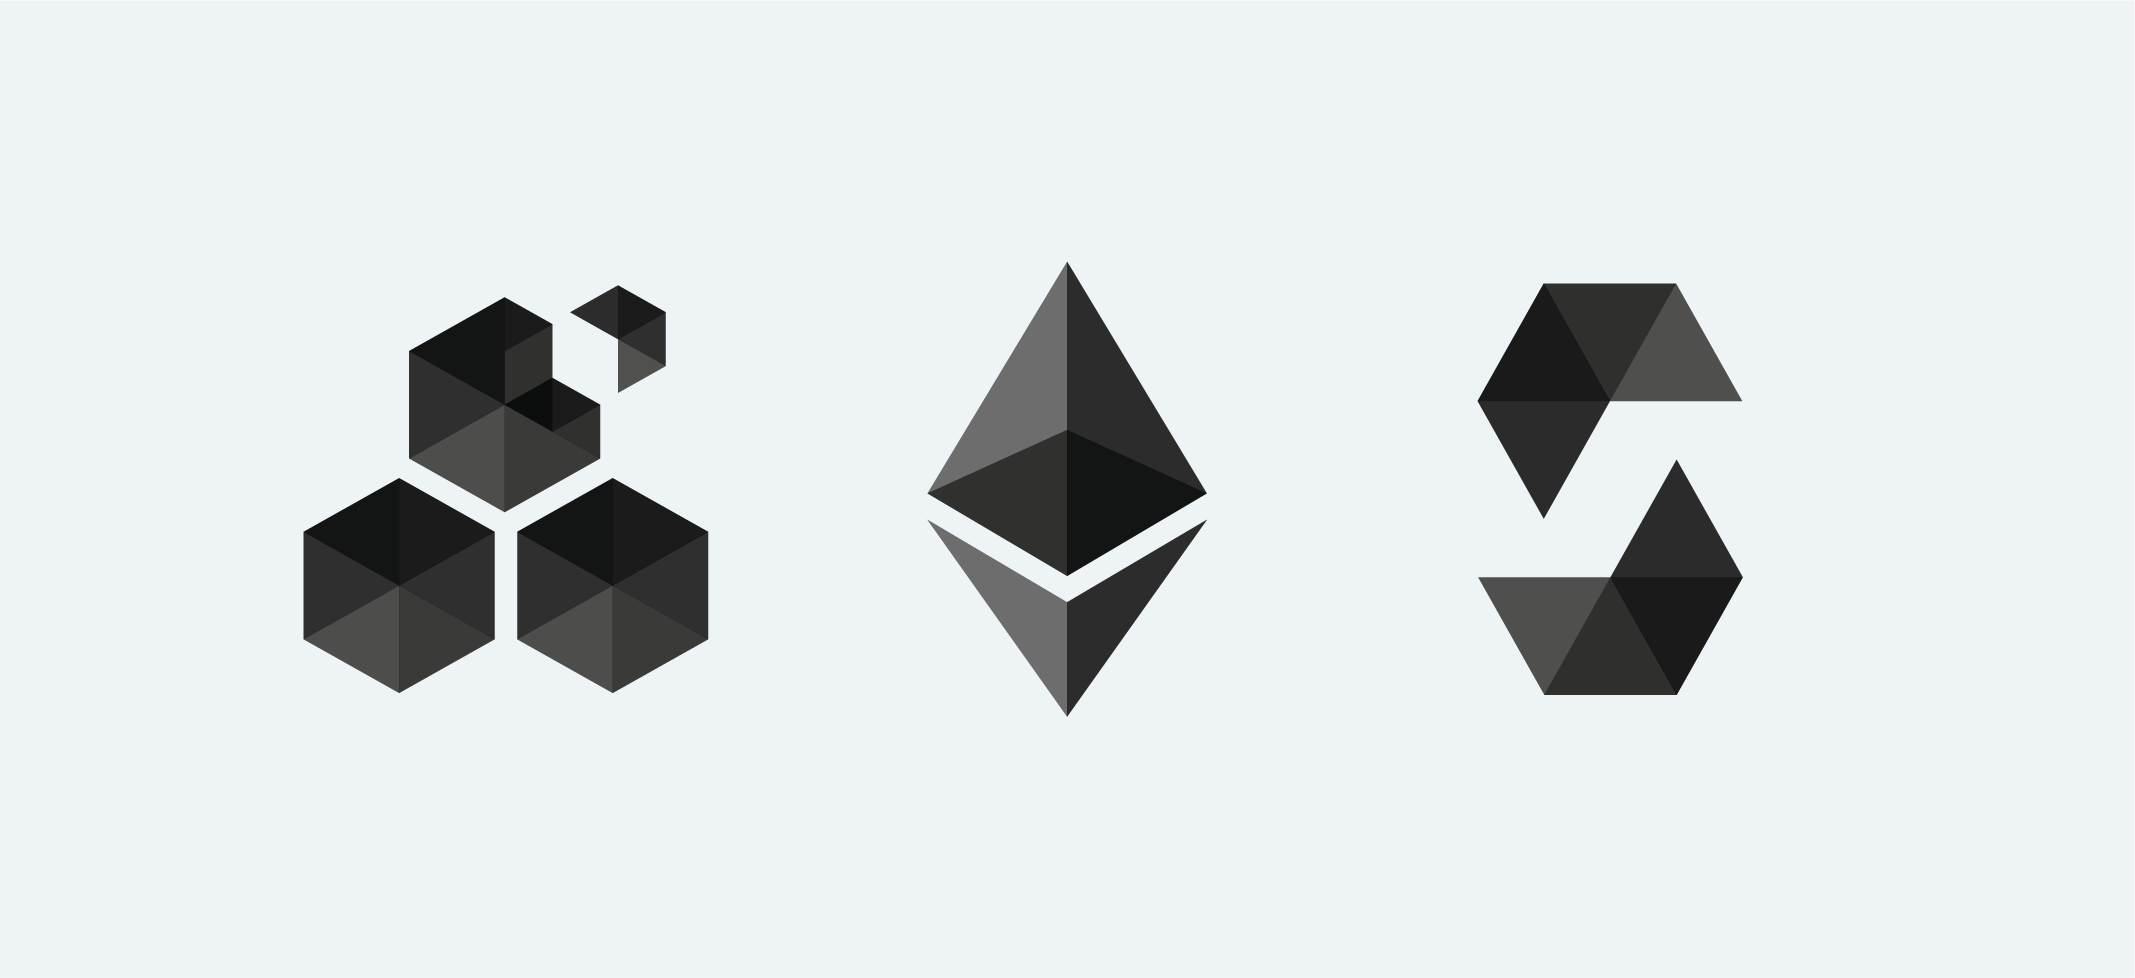 Логотипы технологий, используемых в разработке под EVM
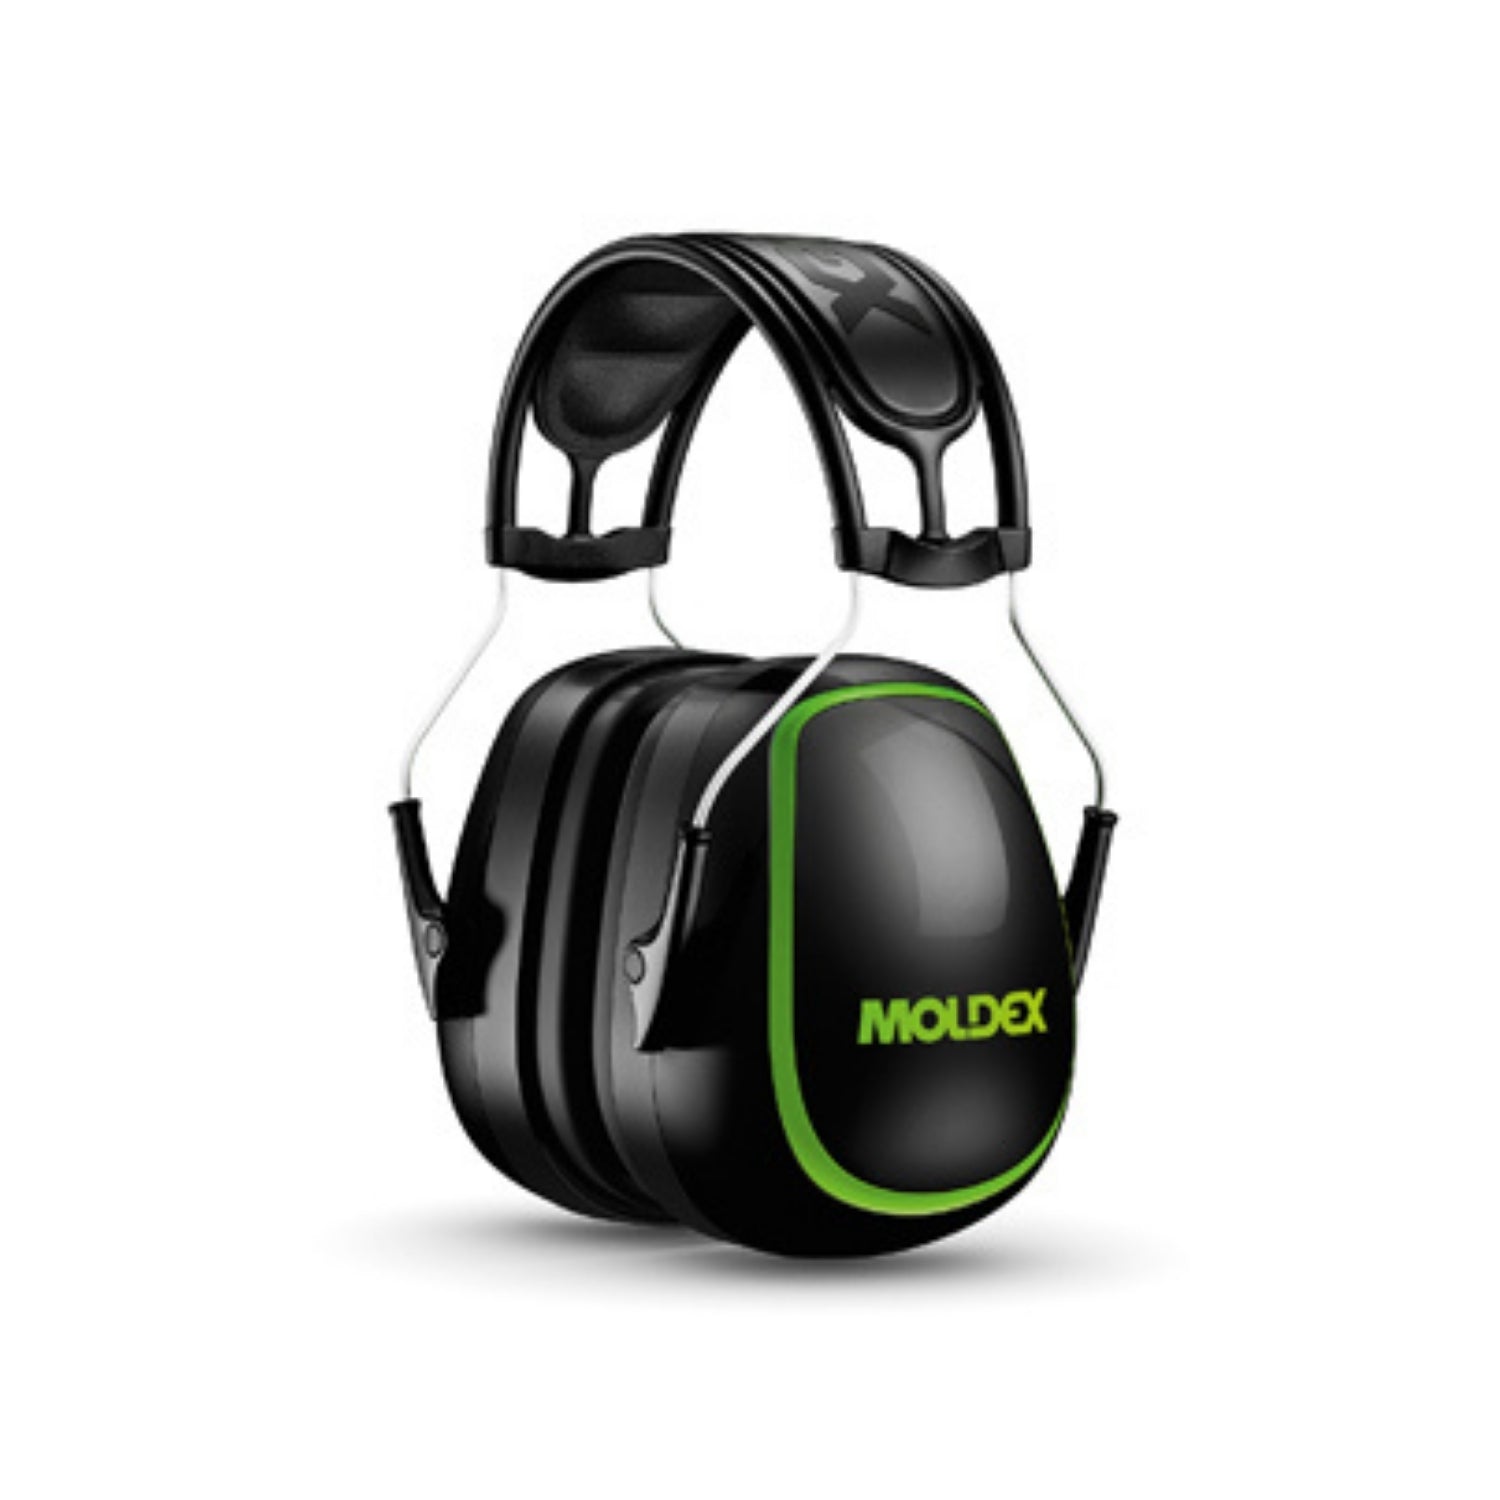 MOLDEX 6130- MX Series Earmuffs, 30 dB, Black/Green, Headband
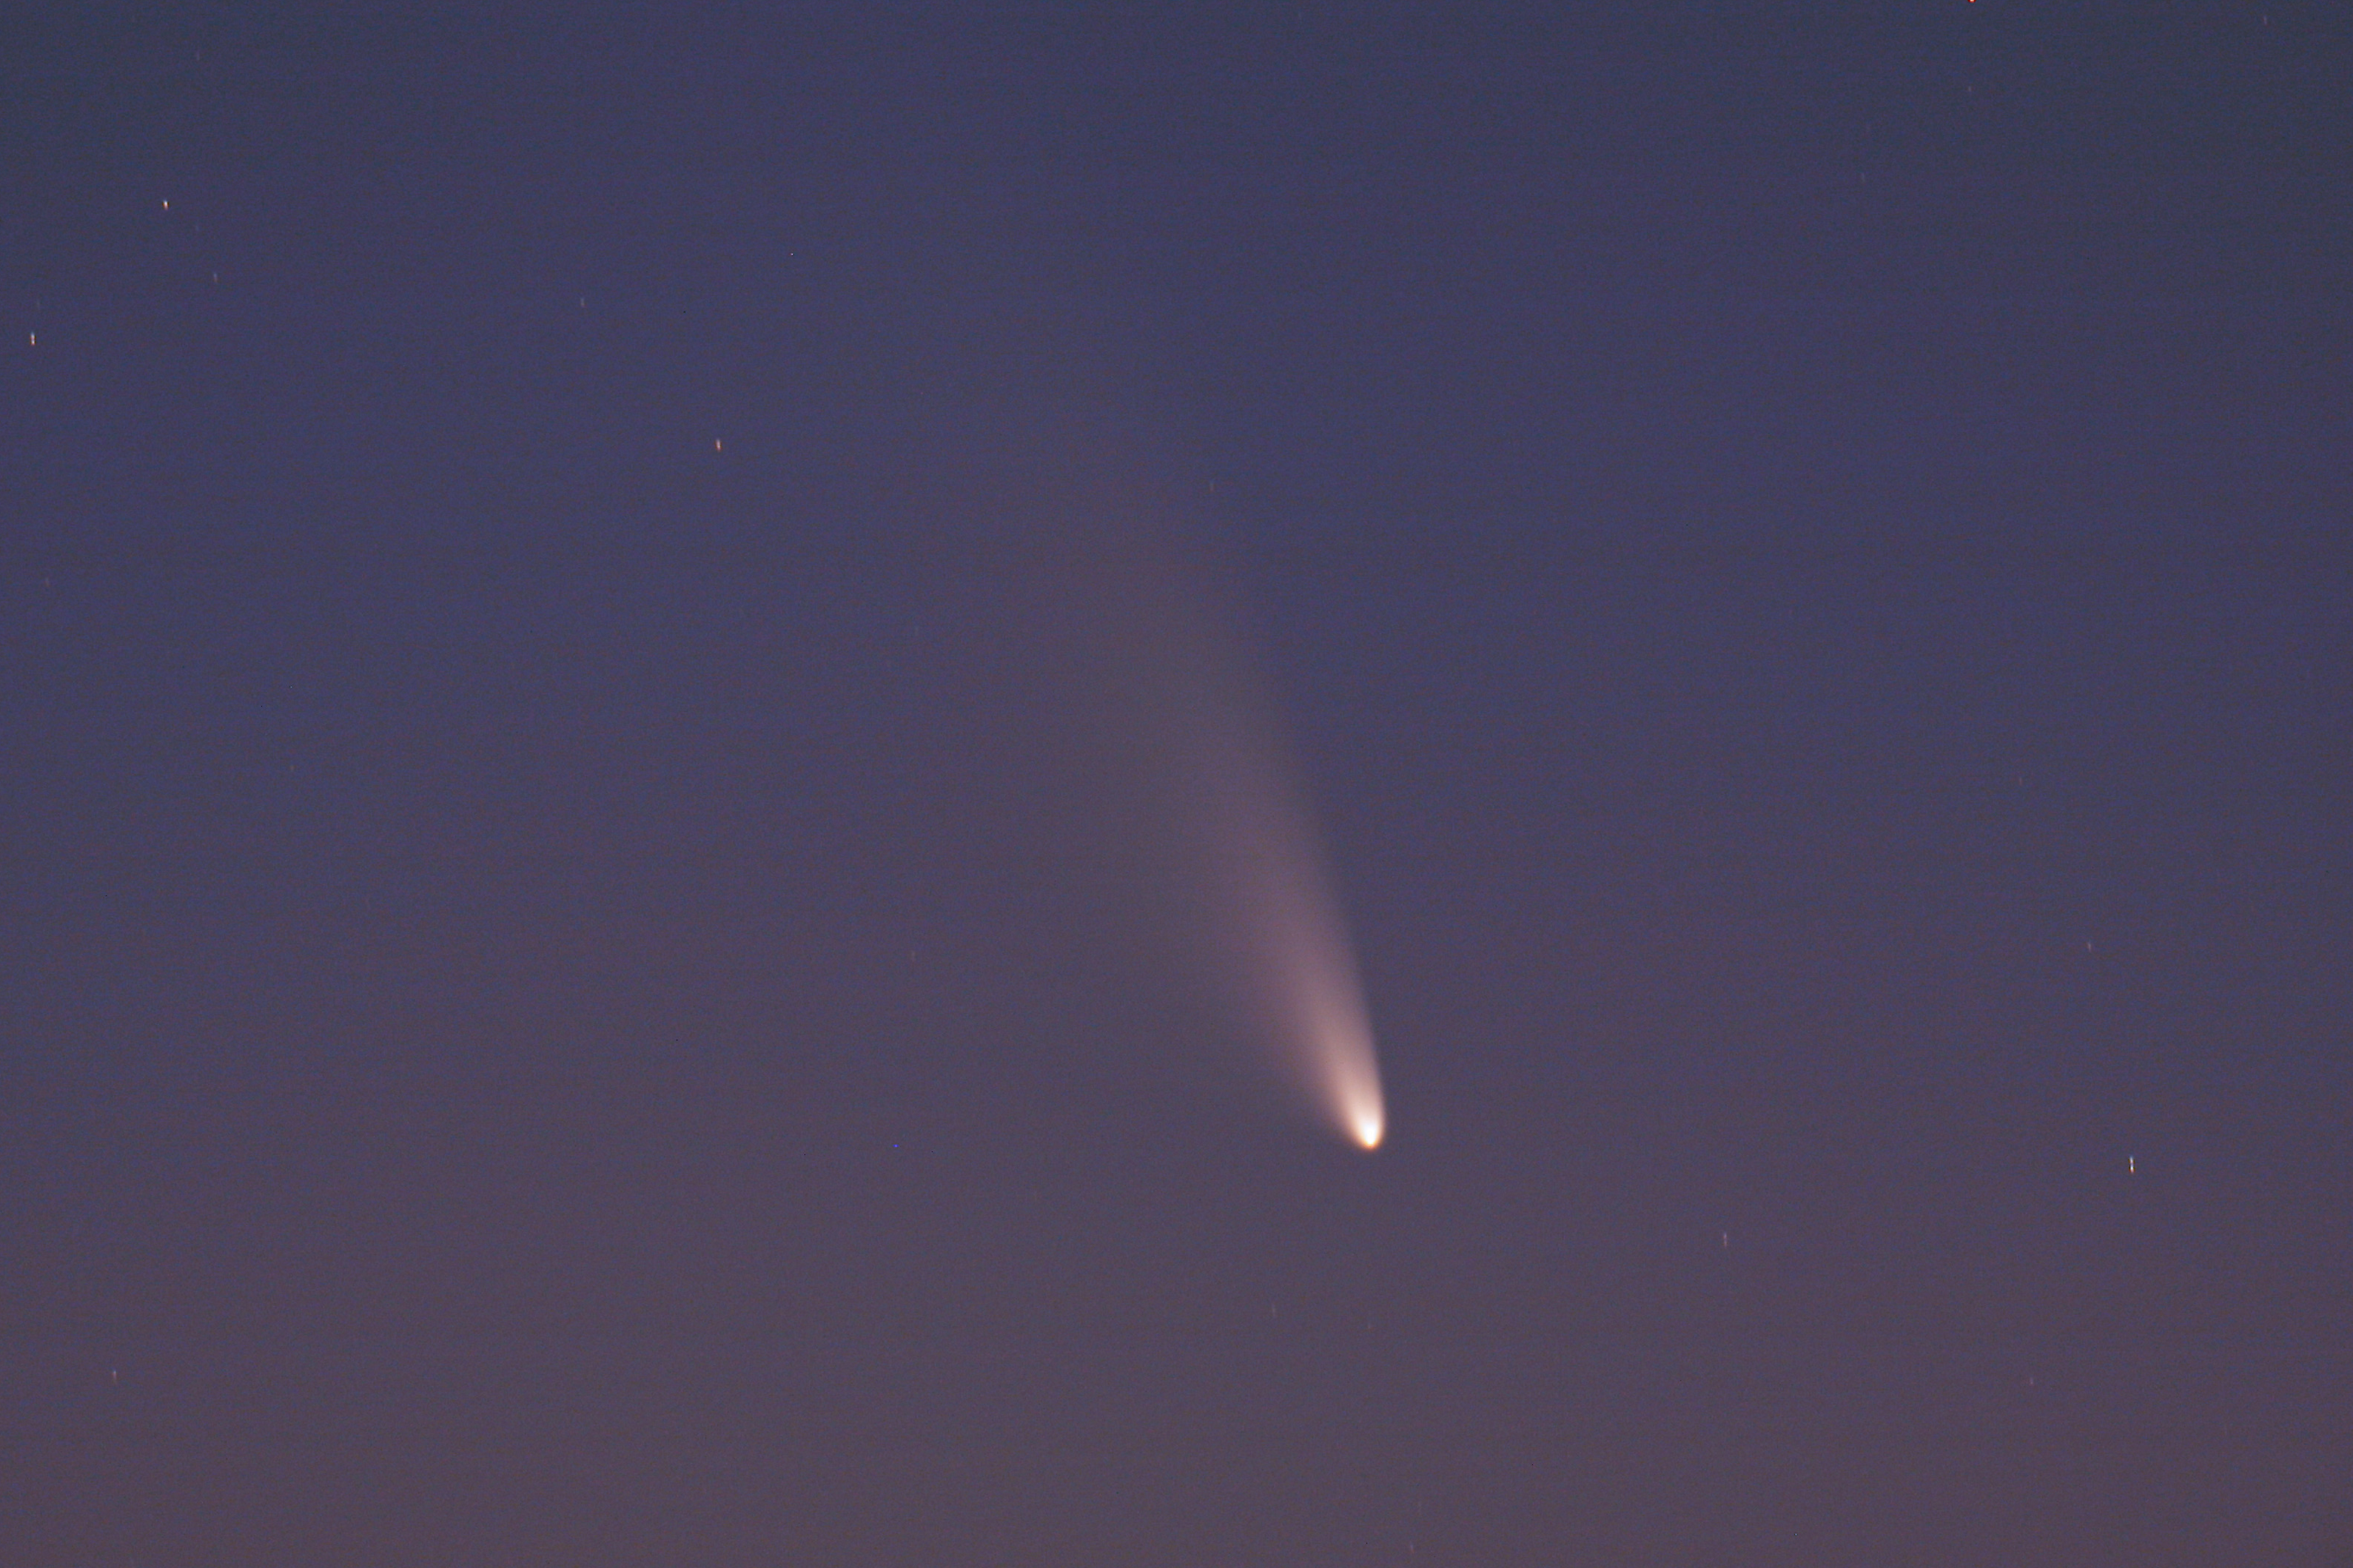 Близкий пролет кометы C/2011 L4 PANSTARRS

Work to be completed>
Every line of the listing is to be repeated exactly, and the pictures are to be dropped.

Response box>
 Логотипы технологий, используемых в разработке под EVM
 MOLDEX 6130- MX Series Earmuffs, 30 dB, Black/Green, Headband
 Близкий пролет кометы C/2011 L4 PANSTARRS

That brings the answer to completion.